What is a calibration?

A calibration in the context of spectral analysis is a critical step in ensuring the accuracy and reliability of spectral data and refers to the process of establishing a relationship between the measurements obtained from a spectrometer or analytical instrument and the known properties or concentrations of substances in a sample using a mathematical model.

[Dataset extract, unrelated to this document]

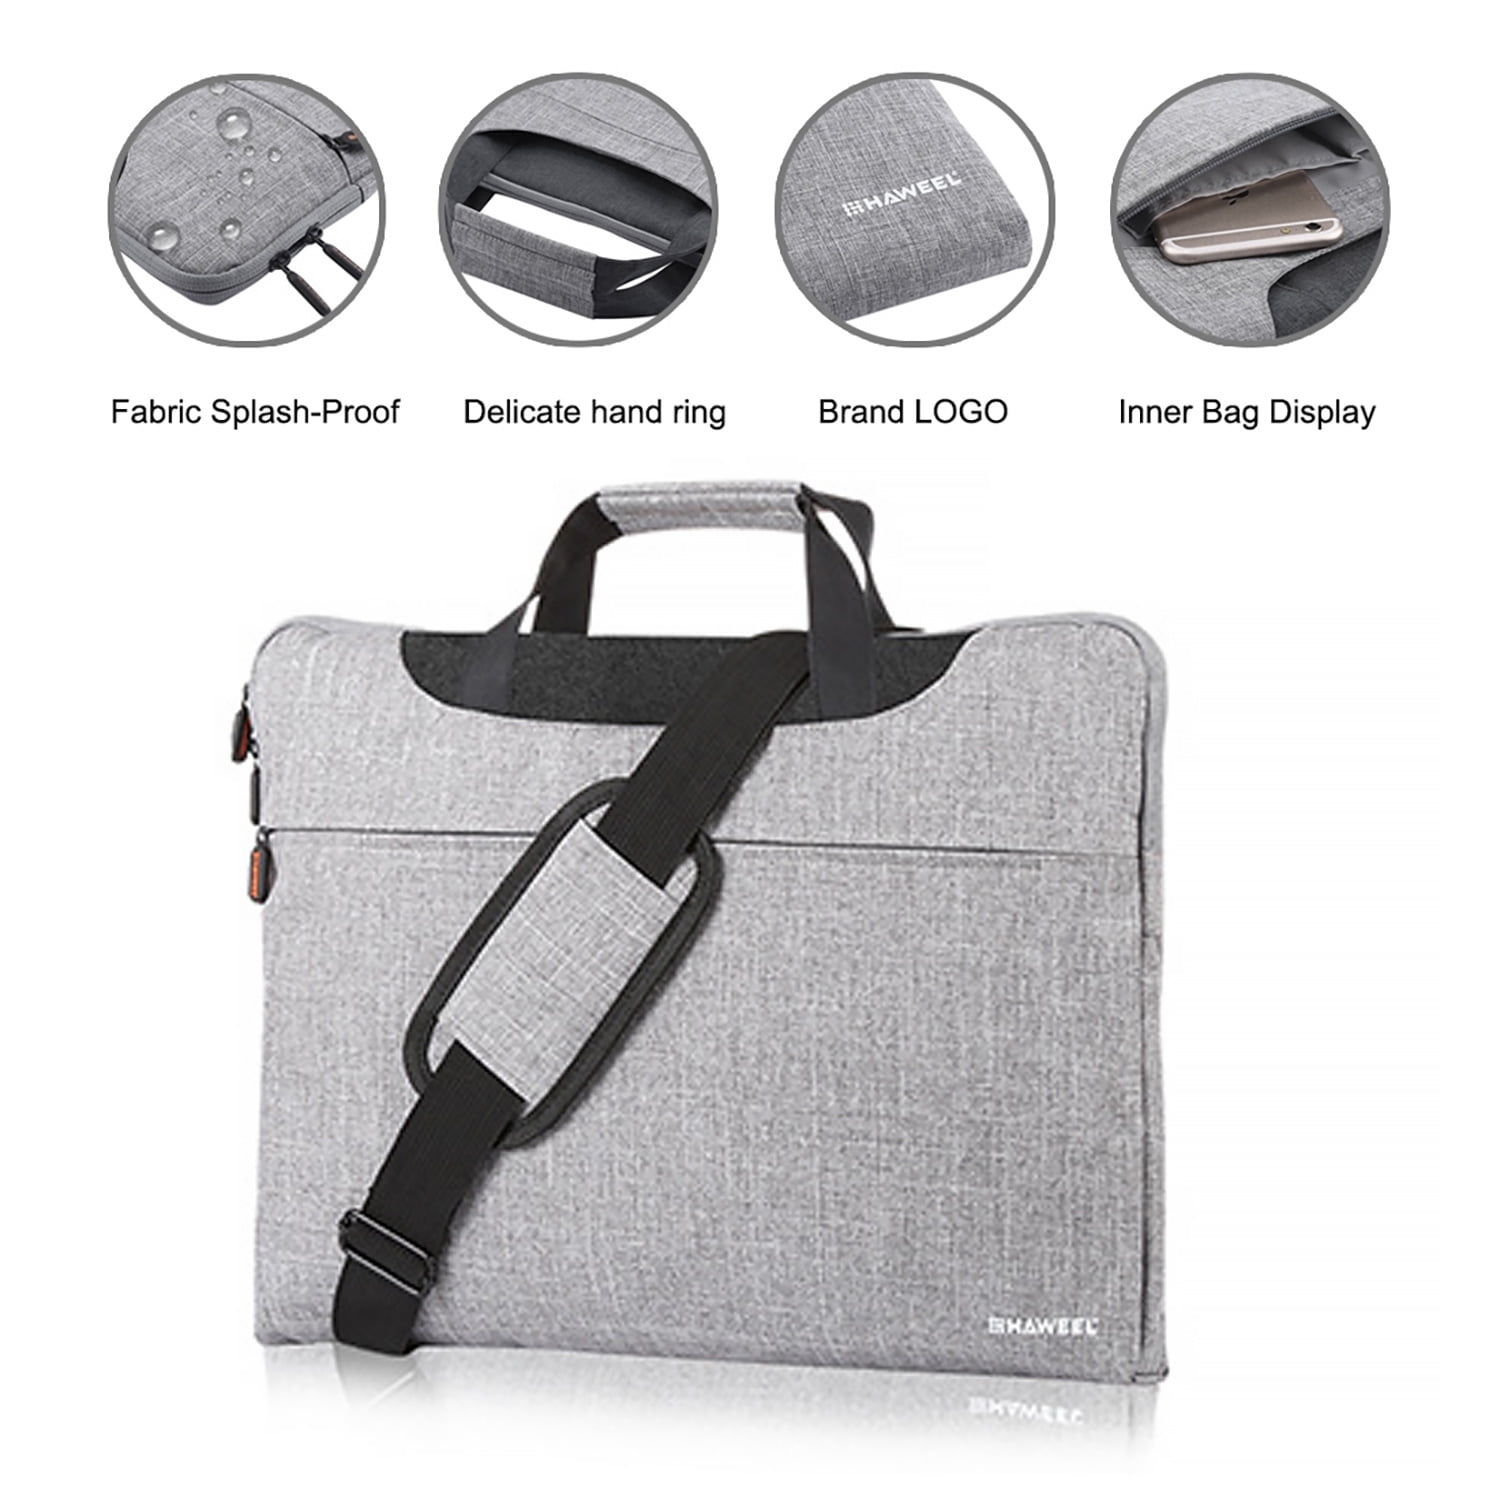 School Laptop Shoulder Bag Compatible 13-15.6 Inches Office or Business Travel for Outdoor Ultra-Thin Laptop Bag Cake Dessert Laptop Handbag with Handles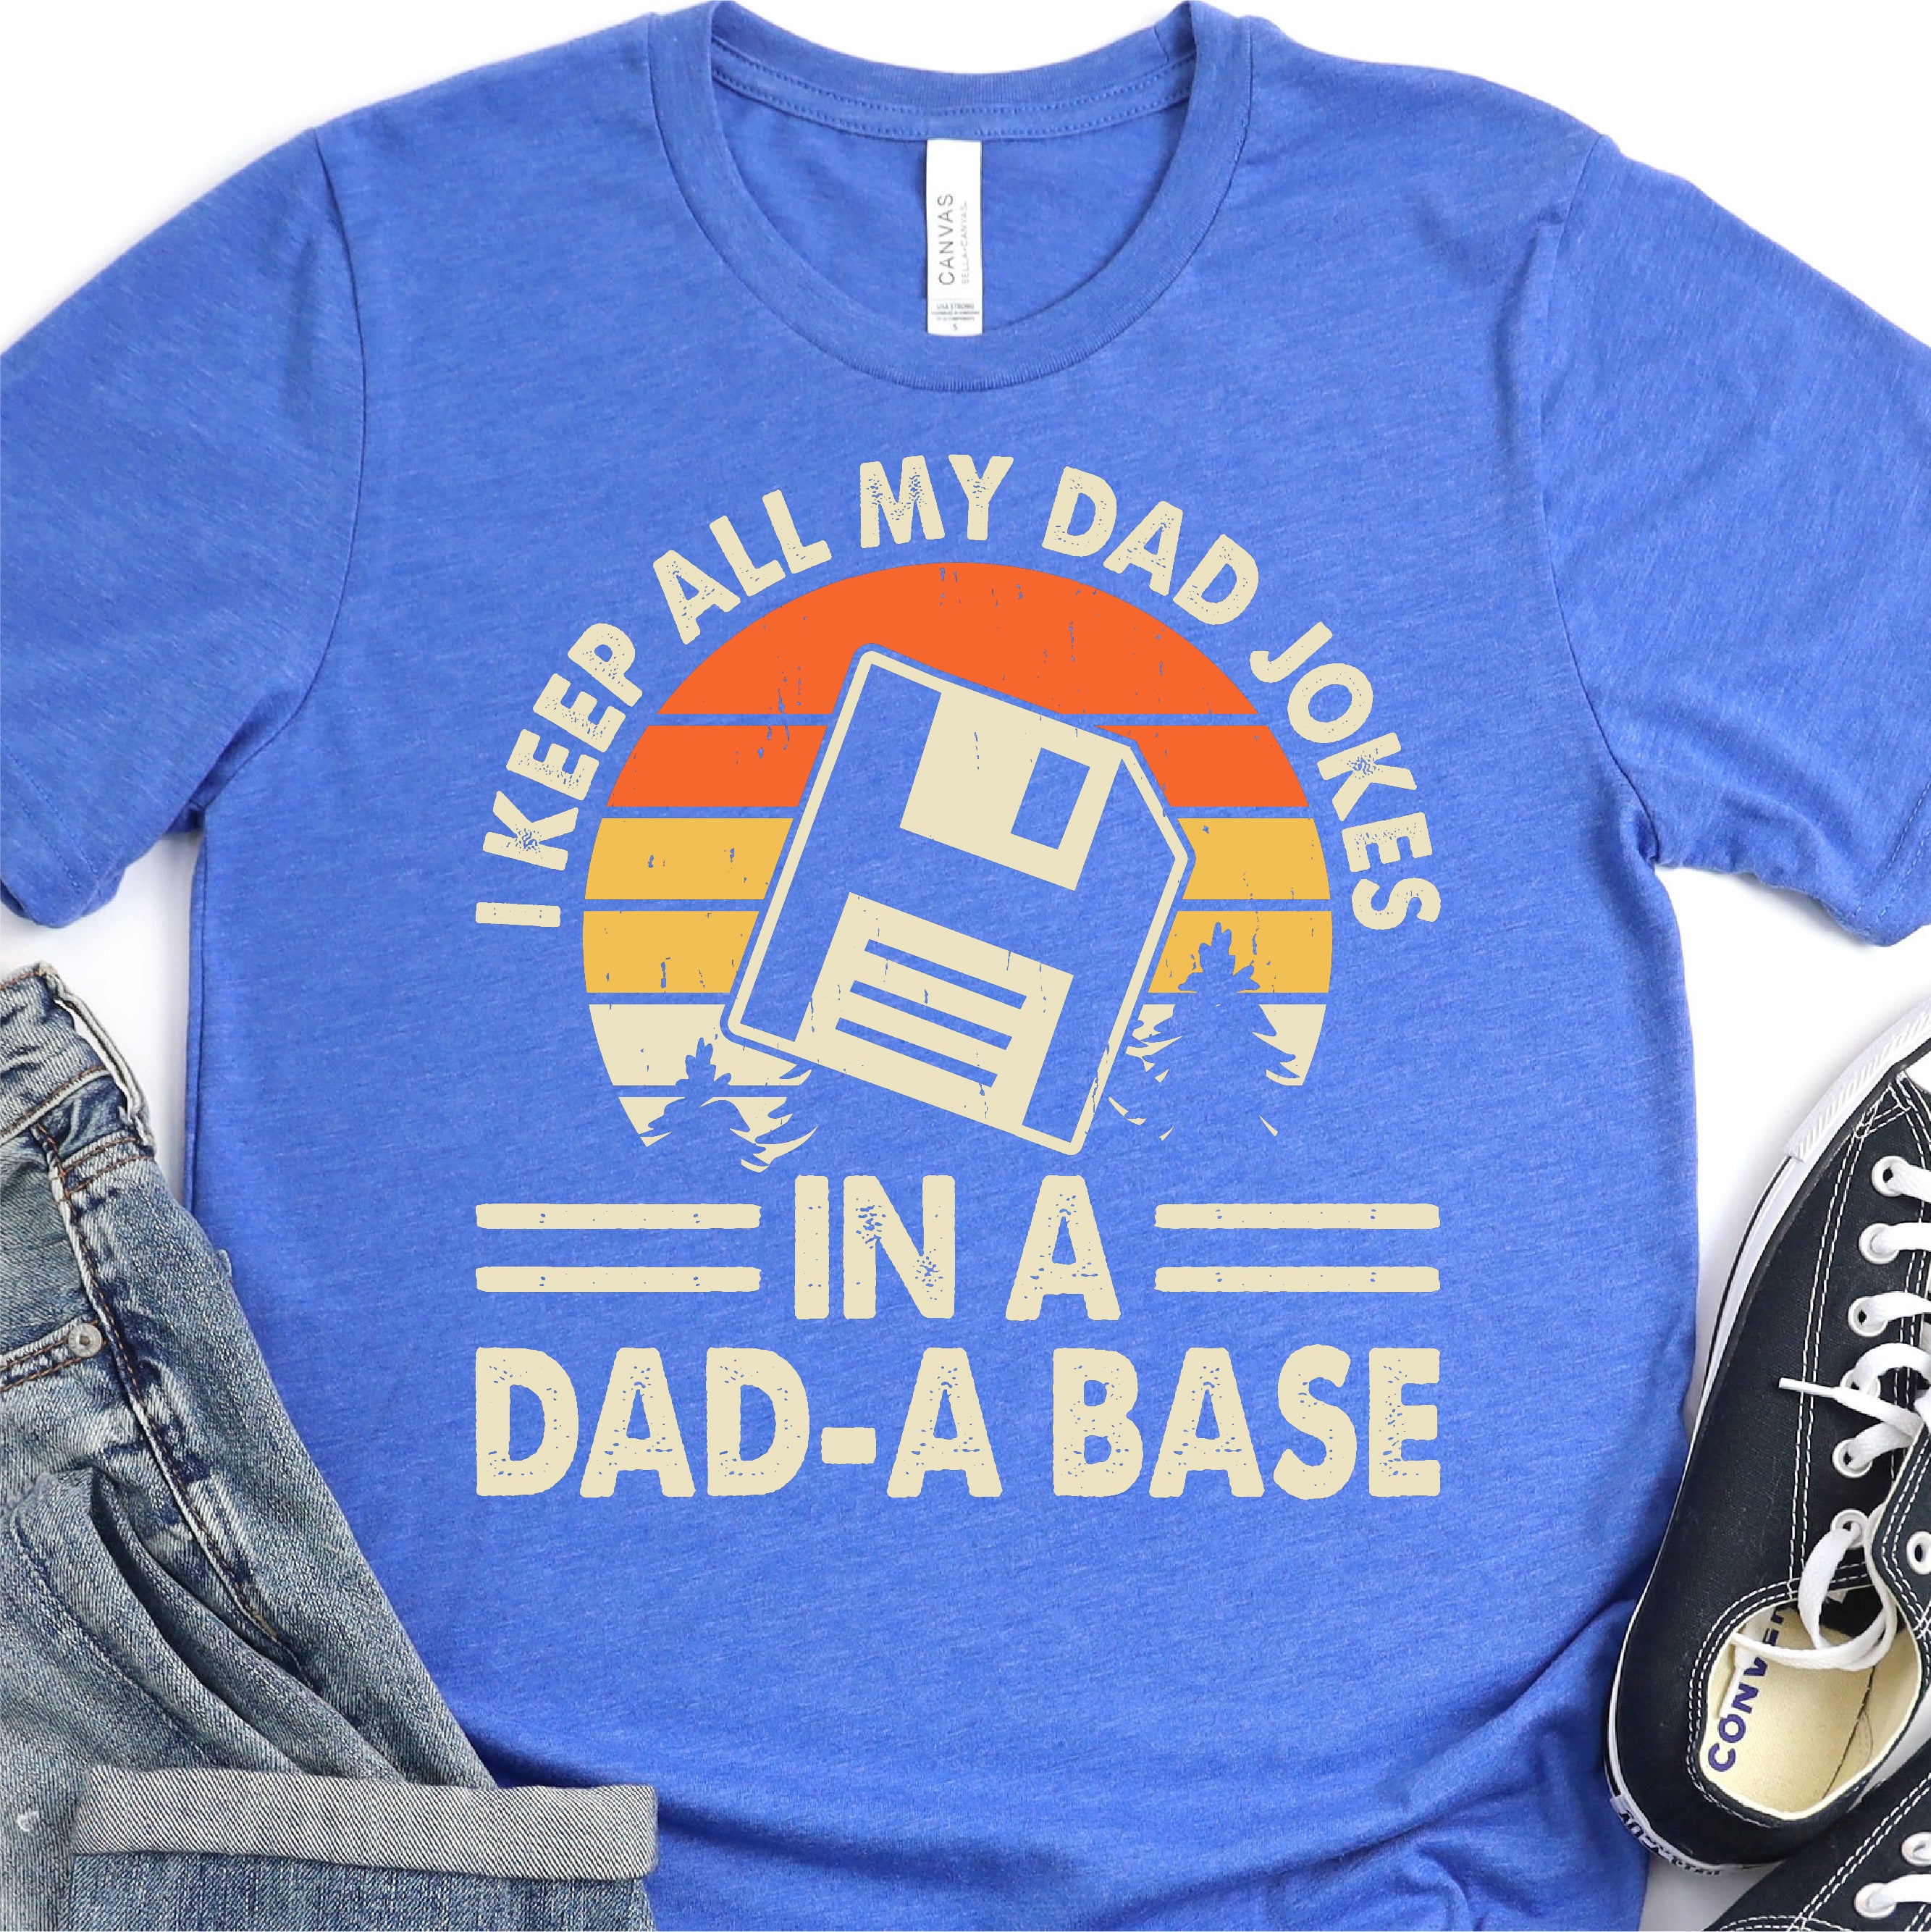 I Keep All My Dad Jokes In A Dad-A Base - Punny Shirts - Father's Day DTF Transfer - T-shirt Transfer For Dad Nashville Design House

Imagine that you have a set of samples, for example apples of different varieties. And you are interested in knowing the sugar content of these and other apples in the future. Now you measure your initial samples with NIRS. Each sample will have a specific energy absorption and reflectance fingerprint, or NIR spectrum. The differences between the spectra may be linked, for example, to the different sugar concentrations of the samples. These two data sets, spectra and laboratory data, will be correlated with each other, typically using PLSR. The result of applying PLSR will be an equation, the basis for the so-called calibration or predictive model. In this example, the calibration will later be used to predict the sugar content of new apple samples. Later, unlimited new samples can be measured with a spectrometer, and the sugar content will be predicted without the need for any additional laboratory analysis. This is why spectral analysis is considered a resource-saving technique.

Another important point is that to have a good calibration and, therefore, good predictions, the spectra need to be of high quality. This is because, not just the sensor used, but a carefully thought-out presentation of the sample, or in other words, the way a sample is measured, is essential.

How often do I need to recalibrate?

A recalibration is simply a calibration that instead of starting with new samples, starts from a previous calibration to which now, during the recalibration process, we will add new samples. The methods used and the procedure are the same as for a “from scratch” calibration. The goal is to improve a previous calibration by adding more variations to it. Whether and when a recalibration will be necessary depends on many factors, for example: what is my parameter of interest? What samples do I want to measure in the future? Does my calibration set already contain all possible variations that the prediction model will encounter in the future? Which error am I comfortable working with in the future? How many resources am I willing to invest to improve this error?

Especially when working with samples that can undergo any type of periodic or seasonal change, keeping the sample calibration pool updated by adding new samples when necessary is essential to maintain a good predictive capacity in calibrations over time.

Which industries can benefit from spectral analysis consulting?

NIR and hyperspectral analyses are spreading fast in medicine, agriculture, textile, chemical, pharmaceutical, recycling industries, etc. From basic research to practical applications, from public research centers to private companies, the possibilities are endless. By using spectroscopy, companies can authenticate products, detect frauds and non-conformities and control internal standards. Additionally, it is known that by using spectral analysis companies can save running costs by up to 90%. It is also knoen

Why shall we go for an external service instead of using internal know-how?

With an external service you can count on the assistance of experts, only when you need it. This can save your company fixed costs without losing data quality.

How many samples are needed to develop a model?

The calibration set must contain an adequate number of samples that uniformly cover a sufficiently wide range of analyte concentration. Inadequate calibration sets result in calibrations with poor predictive ability. The most representative samples that can be used to predict future samples should be included in the calibration set, and all expected sources of variability should be considered. There is no fixed number or rule of thumb for determining how many samples should be included in a calibration, as it can vary depending on the property of interest.